The data Start Marker
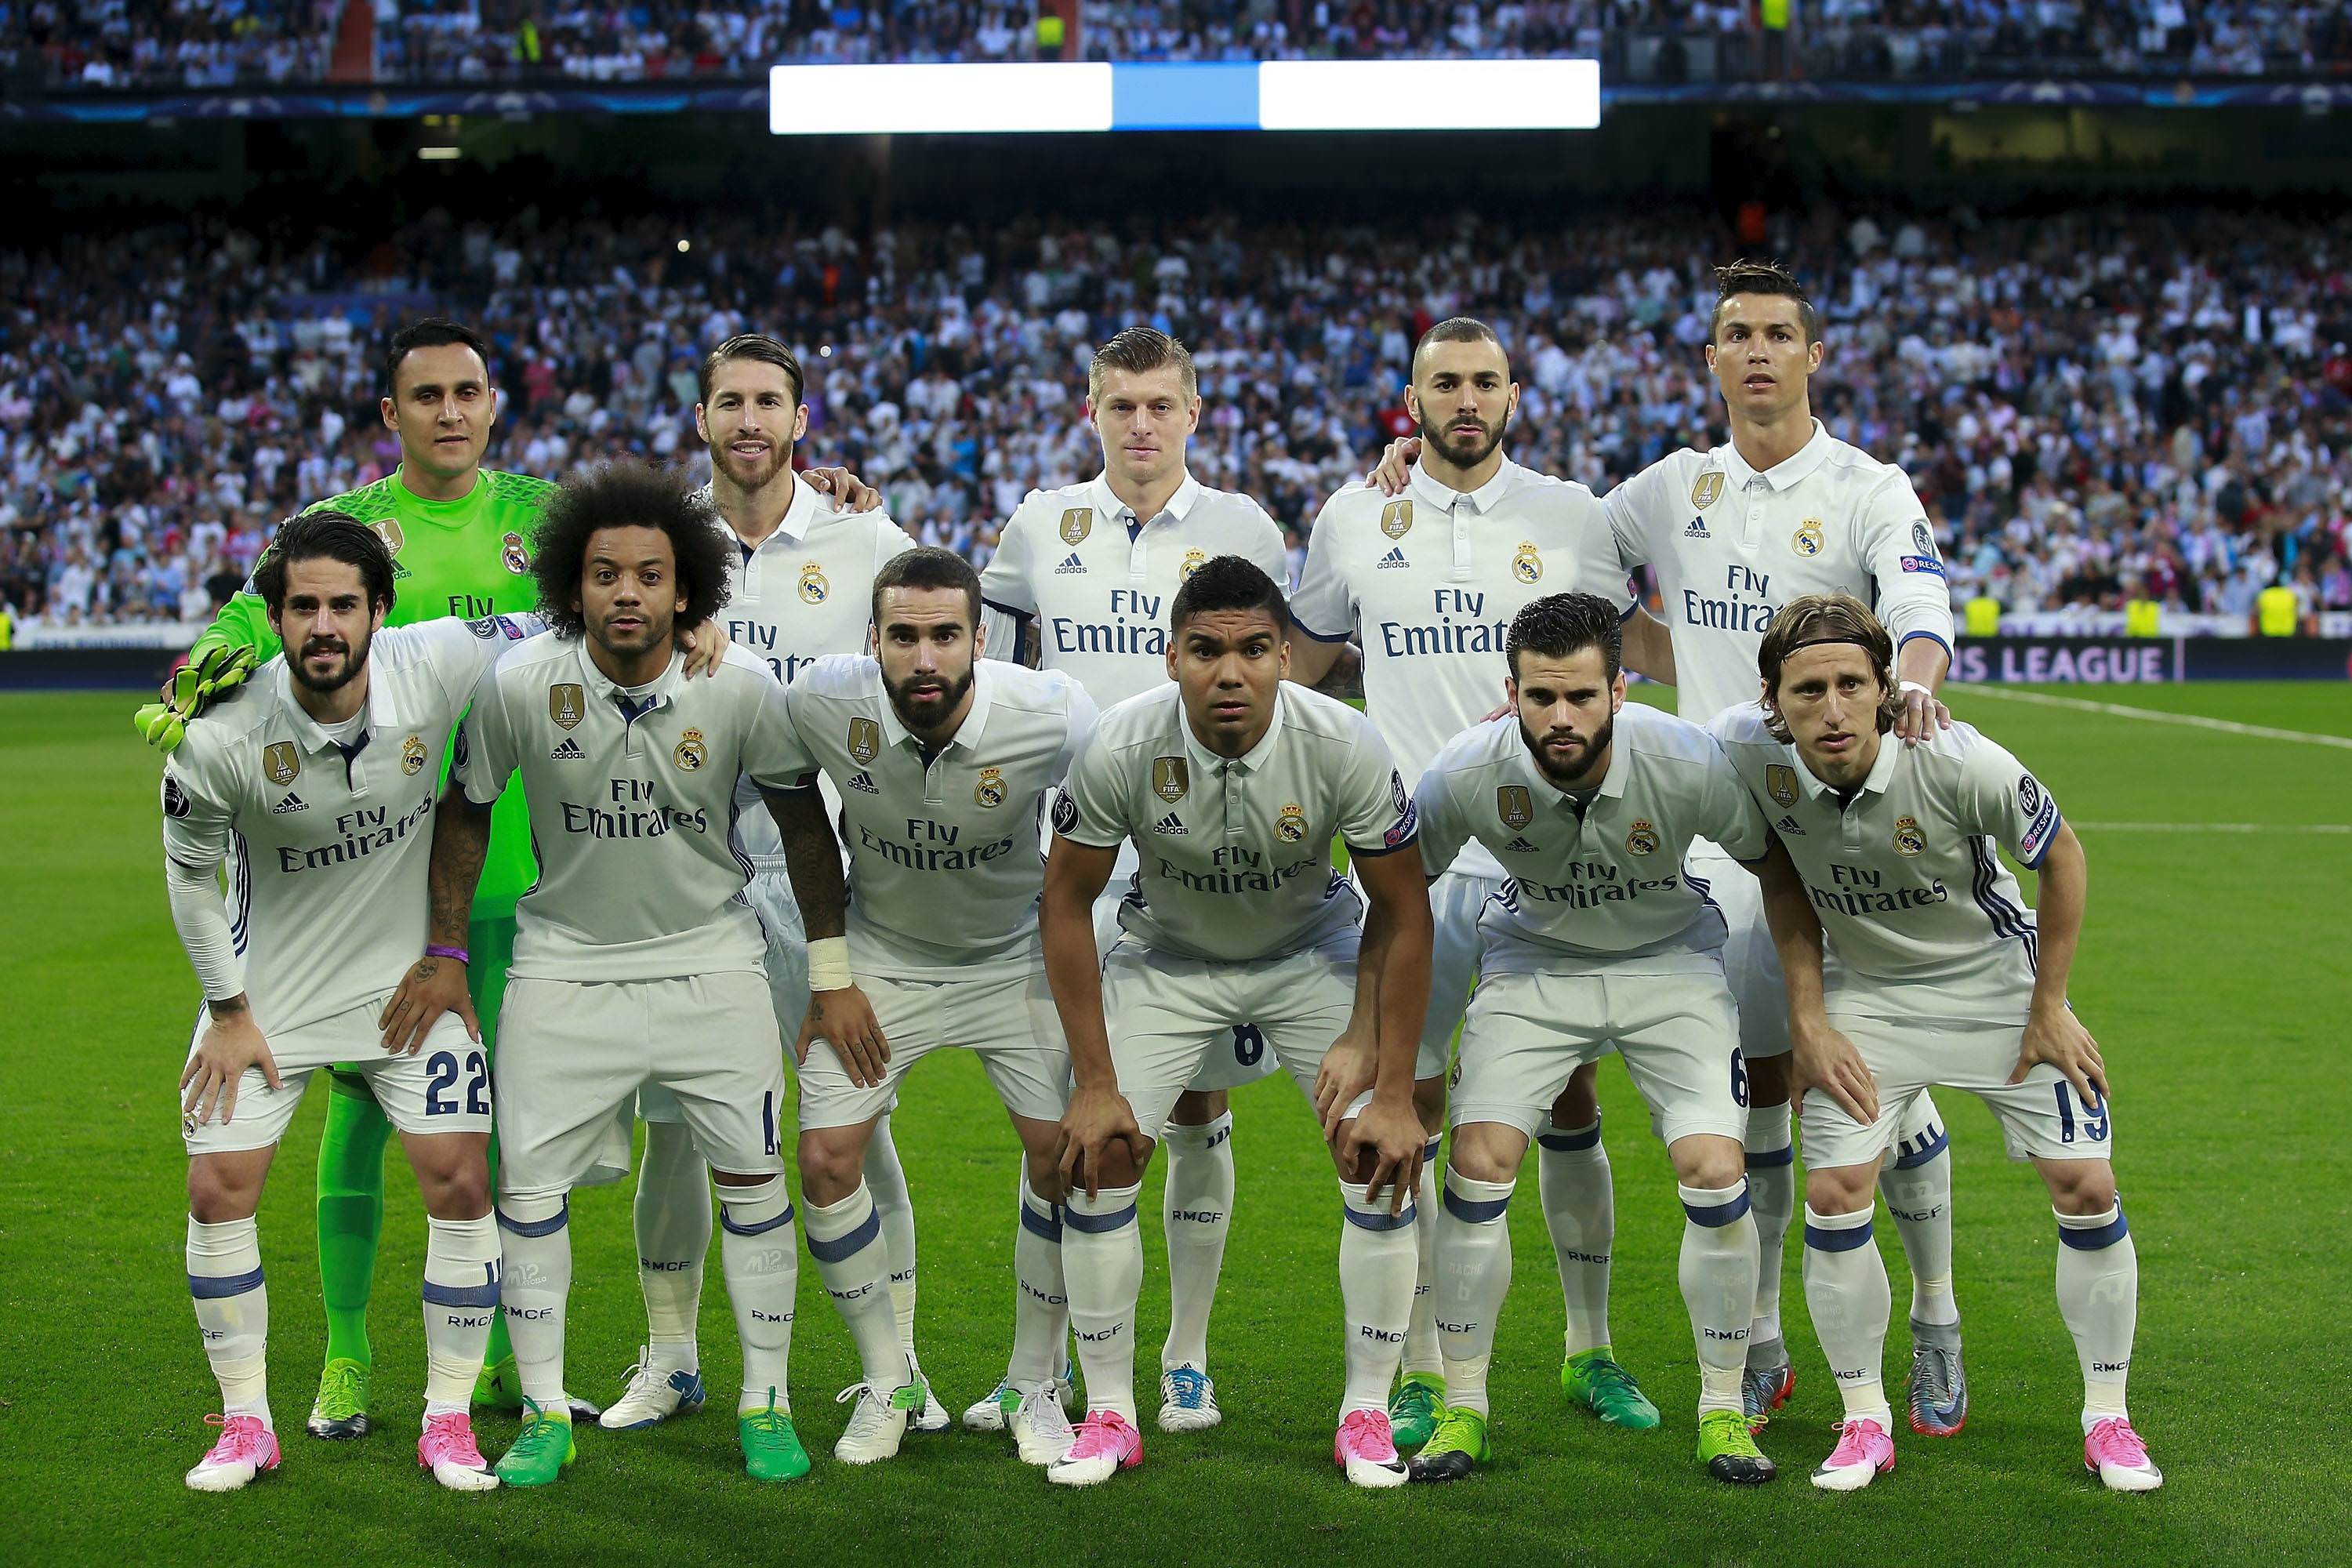 Real Madrid HD Wallpaper 2018
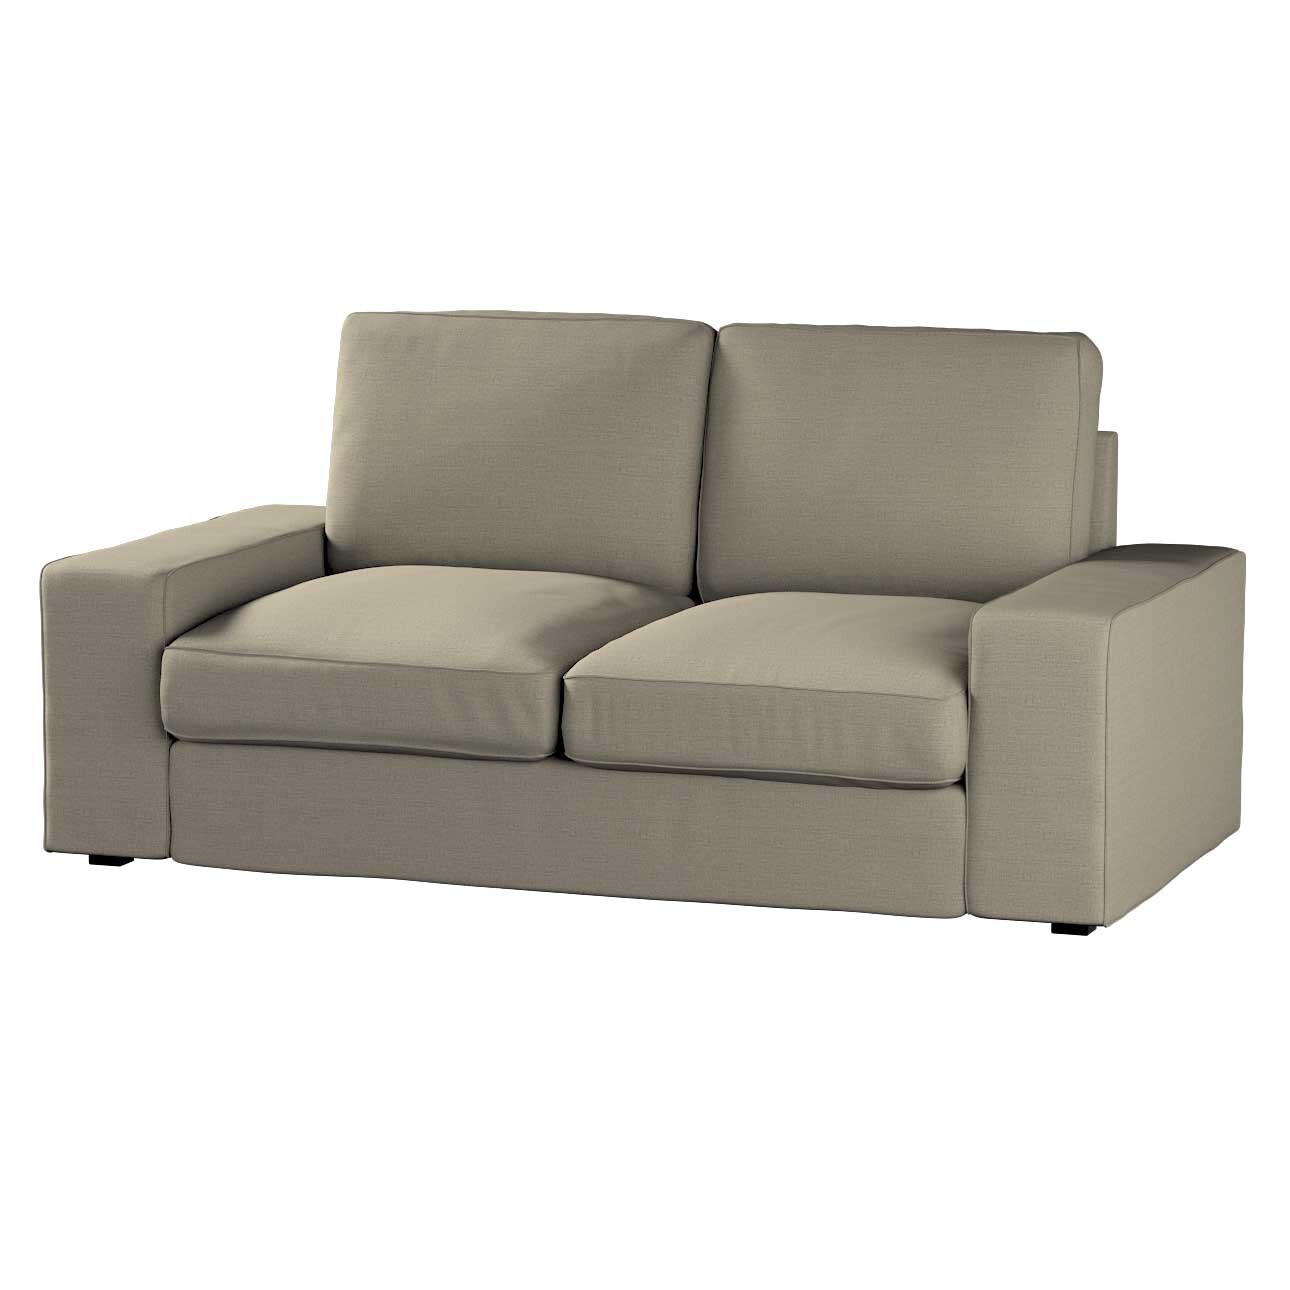 Bezug für Kivik 2-Sitzer Sofa, beige-grau, Bezug für Sofa Kivik 2-Sitzer, L günstig online kaufen
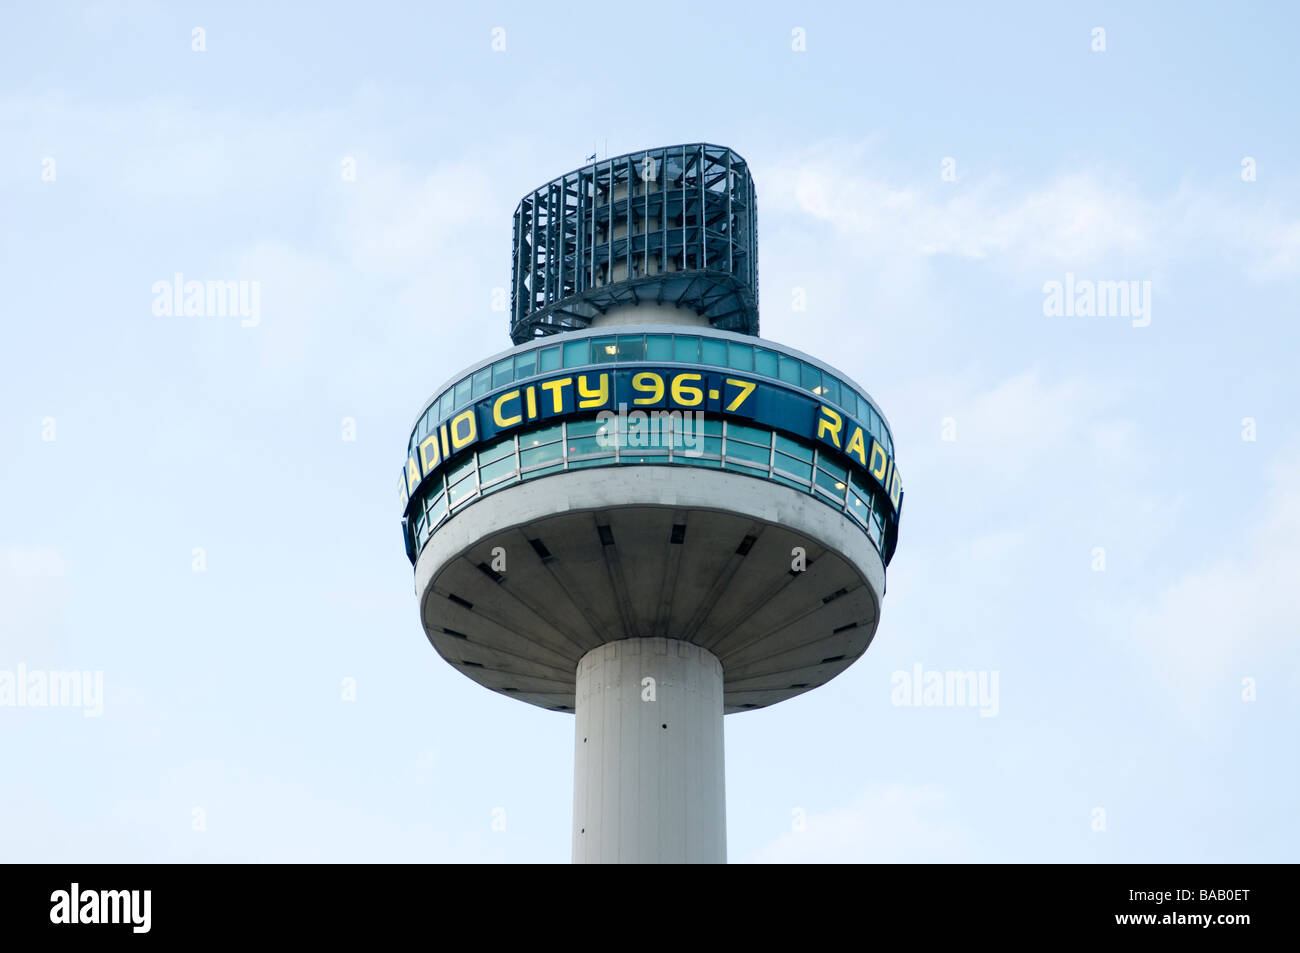 Liverpool Radio City 96,7 Turm Merseyside UK Stockfoto
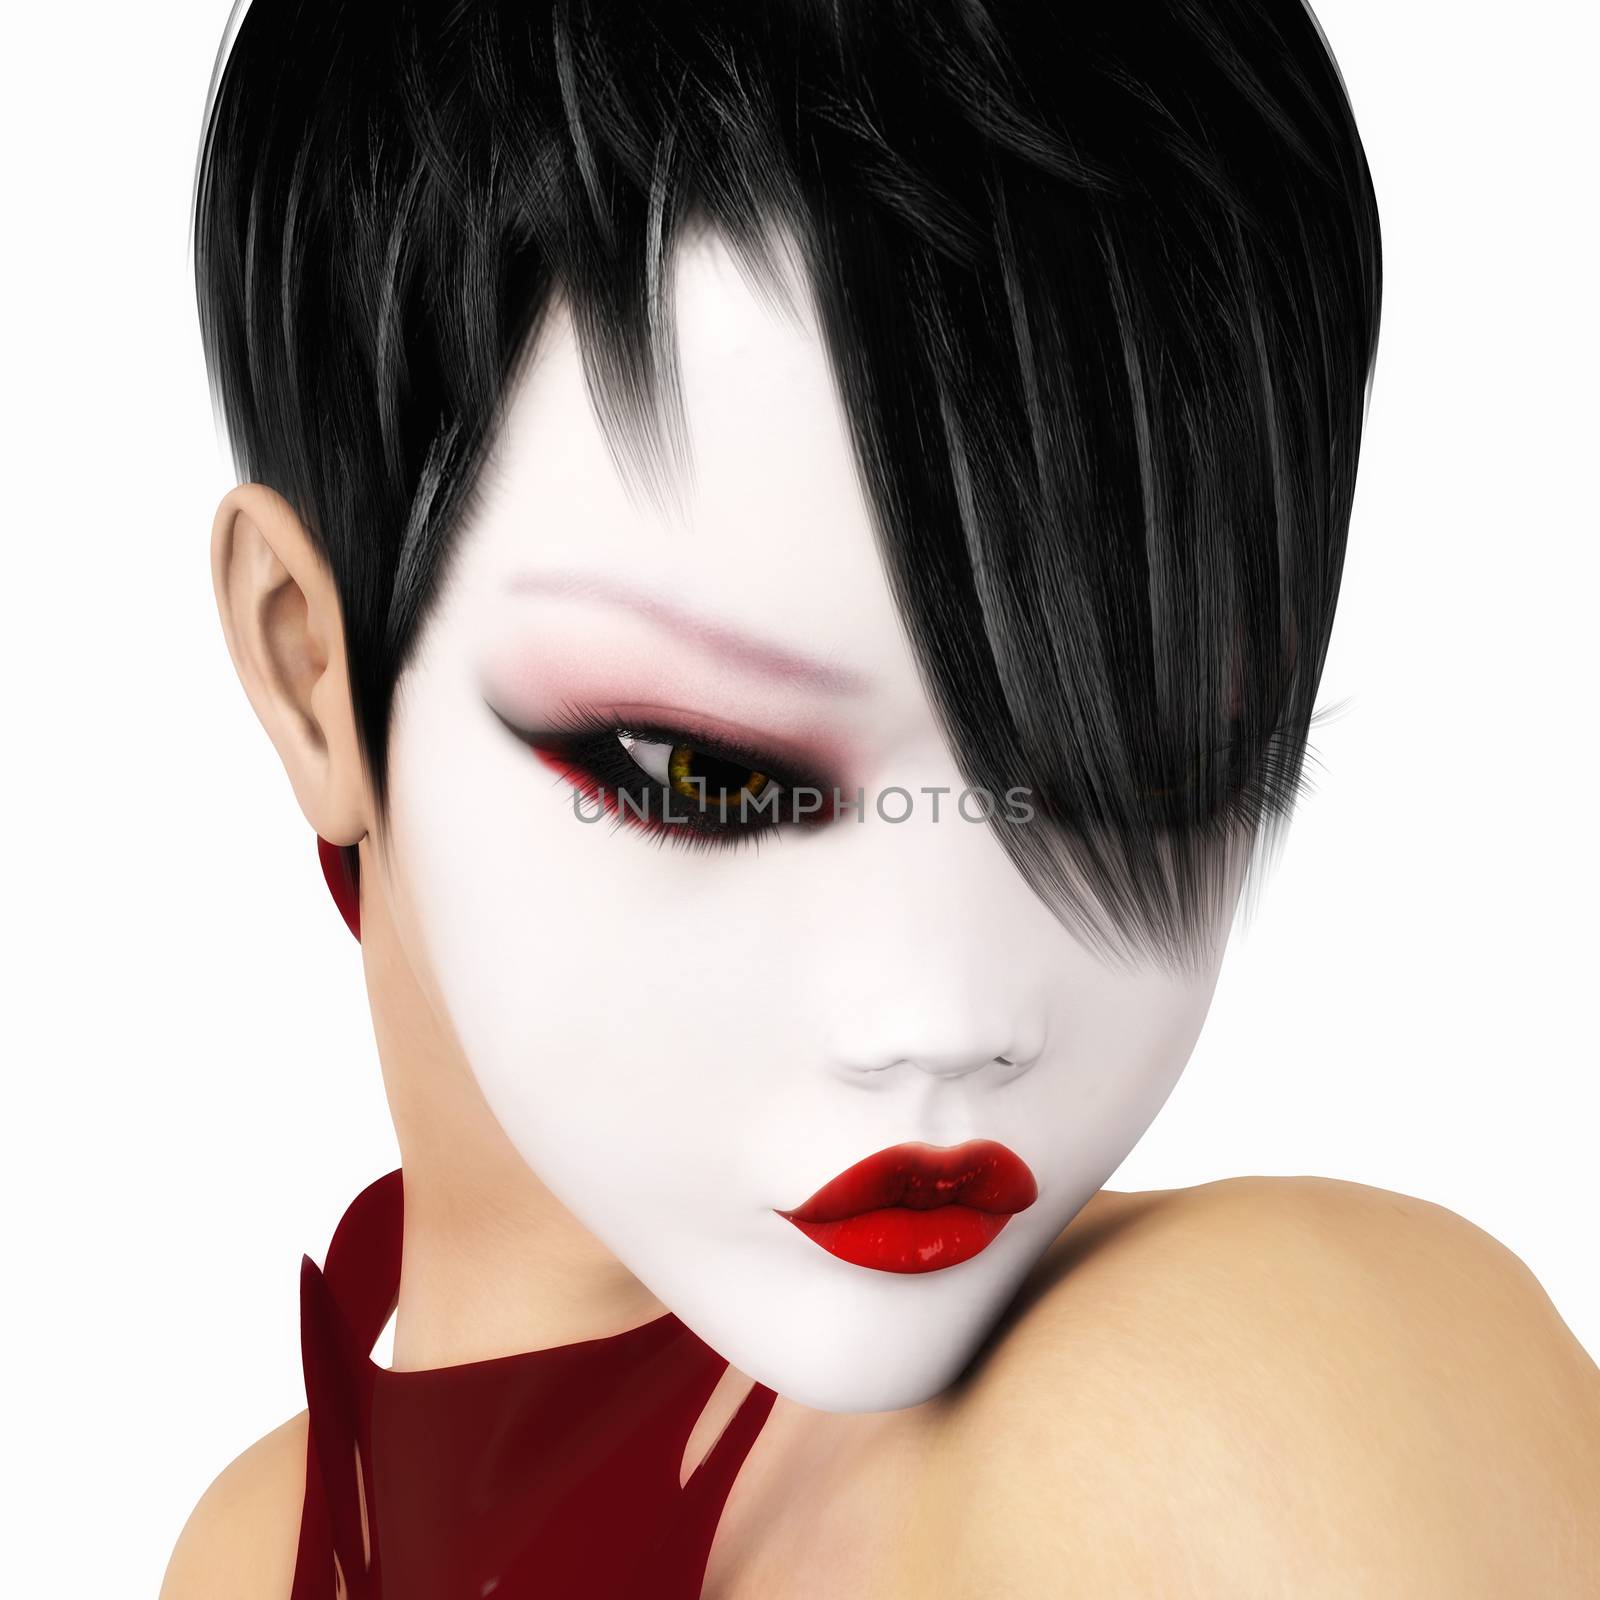 Digital Illustration of a female japanese Face
The data End Marker
Try it => Leave the pictures out and copy the rest of the data exactly.

Expected answer =>
 Real Madrid HD Wallpaper 2018
 Bezug für Kivik 2-Sitzer Sofa, beige-grau, Bezug für Sofa Kivik 2-Sitzer, L günstig online kaufen
 Liverpool Radio City 96,7 Turm Merseyside UK Stockfoto
 Digital Illustration of a female japanese Face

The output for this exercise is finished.